As startups roubaram o lugar de destaque a grandes empresas que produzem e exportam cereais; fizeram sair do brilho os grandes grupos que fazem crescer milho, soja, trigo, mas também verduras, legumes e frutas. E quando lemos algo mais agrícola, são muitas vezes agrotechs (os visionários da aplicação das novas tecnologias ao setor) ou “histórias fofinhas” do homem de negócios que largou a posição de trader na City para plantar mirtilos ou da executiva da banca que atirou tudo às malvas “porque já não conseguia respirar na cidade”.

Portugal não é uma exceção neste cenário de abandono da agricultura. Em 1960, o Valor Acrescentado Bruto do setor da Agricultura e Pescas em Portugal contribuía com 21,6% para o PIB nacional. Ou seja, representava um quinto da criação de riqueza em Portugal. Há dois anos, em 2023, este rácio tinha encolhido quase dez vezes, fixando-se nos 2,4%. Visto assim parece uma má notícia, mas não é tão má como parece.

Na verdade, estes 2,4% representam o travar de uma tendência de descida que não tem parado (com picos de recuperação pontuais) desde 1961. Mais, até evidenciam uma ténue, mas paulatina, subida desde 2007.

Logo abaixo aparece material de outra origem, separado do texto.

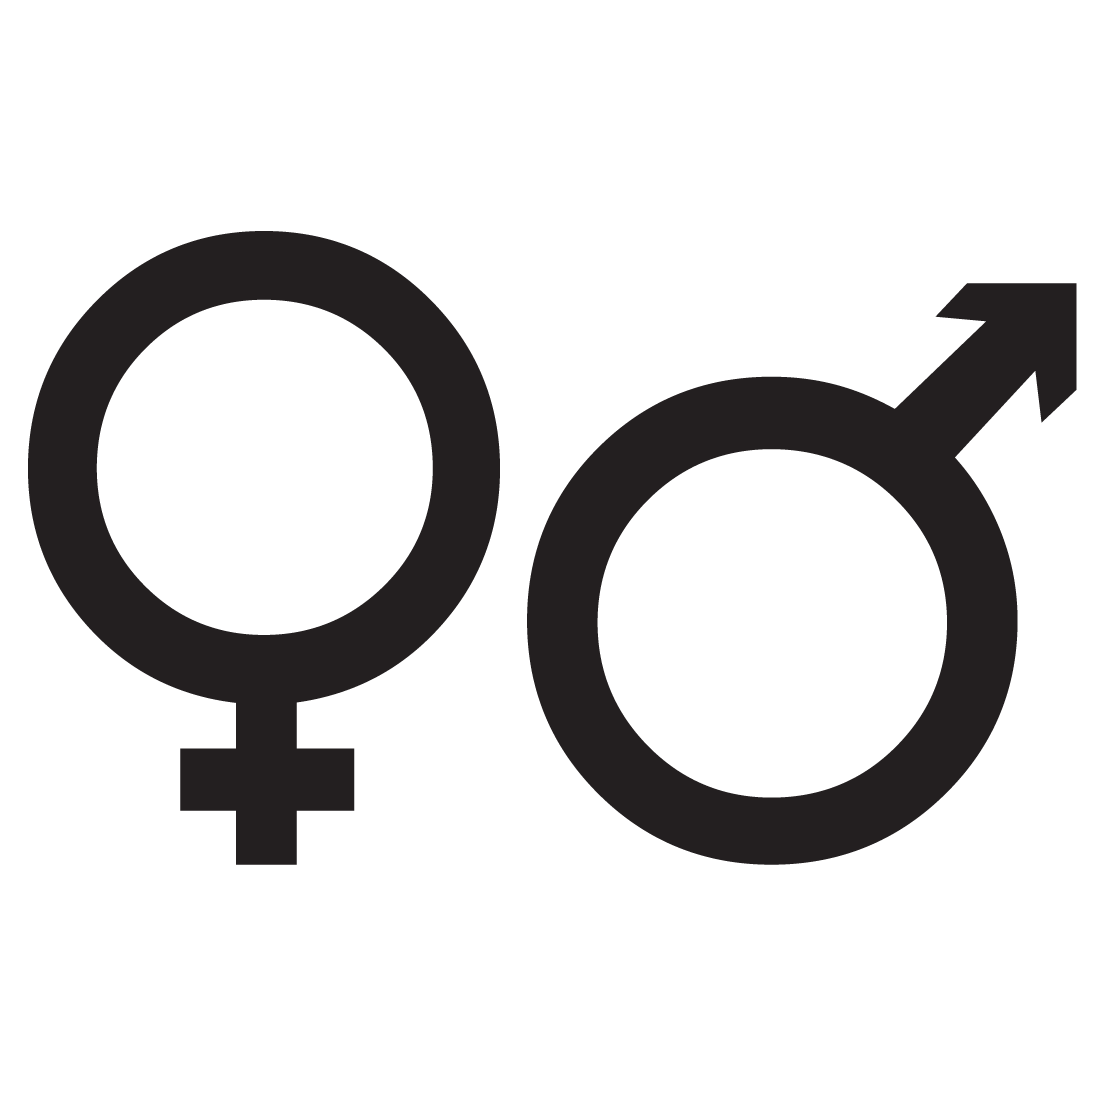 simbolo-femenino

Isto é um sinal do triunfo da agricultura de nicho de que falava acima? Talvez tenha algum impacto, mas não decisivo. Acredito, sim, que estamos perante uma evolução muito sustentada de um setor tradicional que soube reinventar-se e que está a captar talento nas universidades portuguesas, algumas delas exímias na Agronomia, Engenharia Agrónoma, Engenharia Florestal e também, claro, na Gestão. Novos decisores com massa cinzenta suficiente para pegar nas mais recentes tecnologias, como os drones ou as câmaras térmicas, e transformá-las em novas técnicas agrícolas; para usar a IA e os supercomputadores para projetar janelas ótimas para plantar e colher, ou para antecipar flutuações de temperatura potencialmente catastróficas.

Em suma, um setor que está a mudar por dentro, e sobretudo a tomar decisões mais sensatas do que nos anos loucos de 1990’s, quando os fundos comunitários eram torrados em carros de luxo ou quase inúteis (mas lucrativas) plantações de girassóis. Os números indicam que o setor está a contribuir cada vez mais para o PIB e isso só pode ser um bom sinal.

Portugal tem condições únicas para a agricultura: água; um clima moderado na maior parte do ano e terreno capaz de albergar culturas de oliveira ou vinha como poucos. Já o escrevi neste espaço antes: “As grandes batalhas do futuro serão pela água.” E mais cedo do que pensamos.

O nosso país (ainda) tem imensa água. Podem estar mal distribuídas e com fracos canais de distribuição, mas Portugal tem enormes reservas hídricas e uma costa que está “a pedir” por centrais de dessalinização da água do mar.

Quanto ao azeite e ao vinho são hoje dos maiores embaixadores da marca Portugal em todo o Mundo.

Como diz Luís Mira, o secretário-geral da CAP, na entrevista que publicamos neste caderno, o que falta é uma estratégia pública capaz de ajudar o setor a dar mais um salto. Com 30 governos e 2250 governantes nos últimos 50 anos torna-se difícil. Mas não impossível.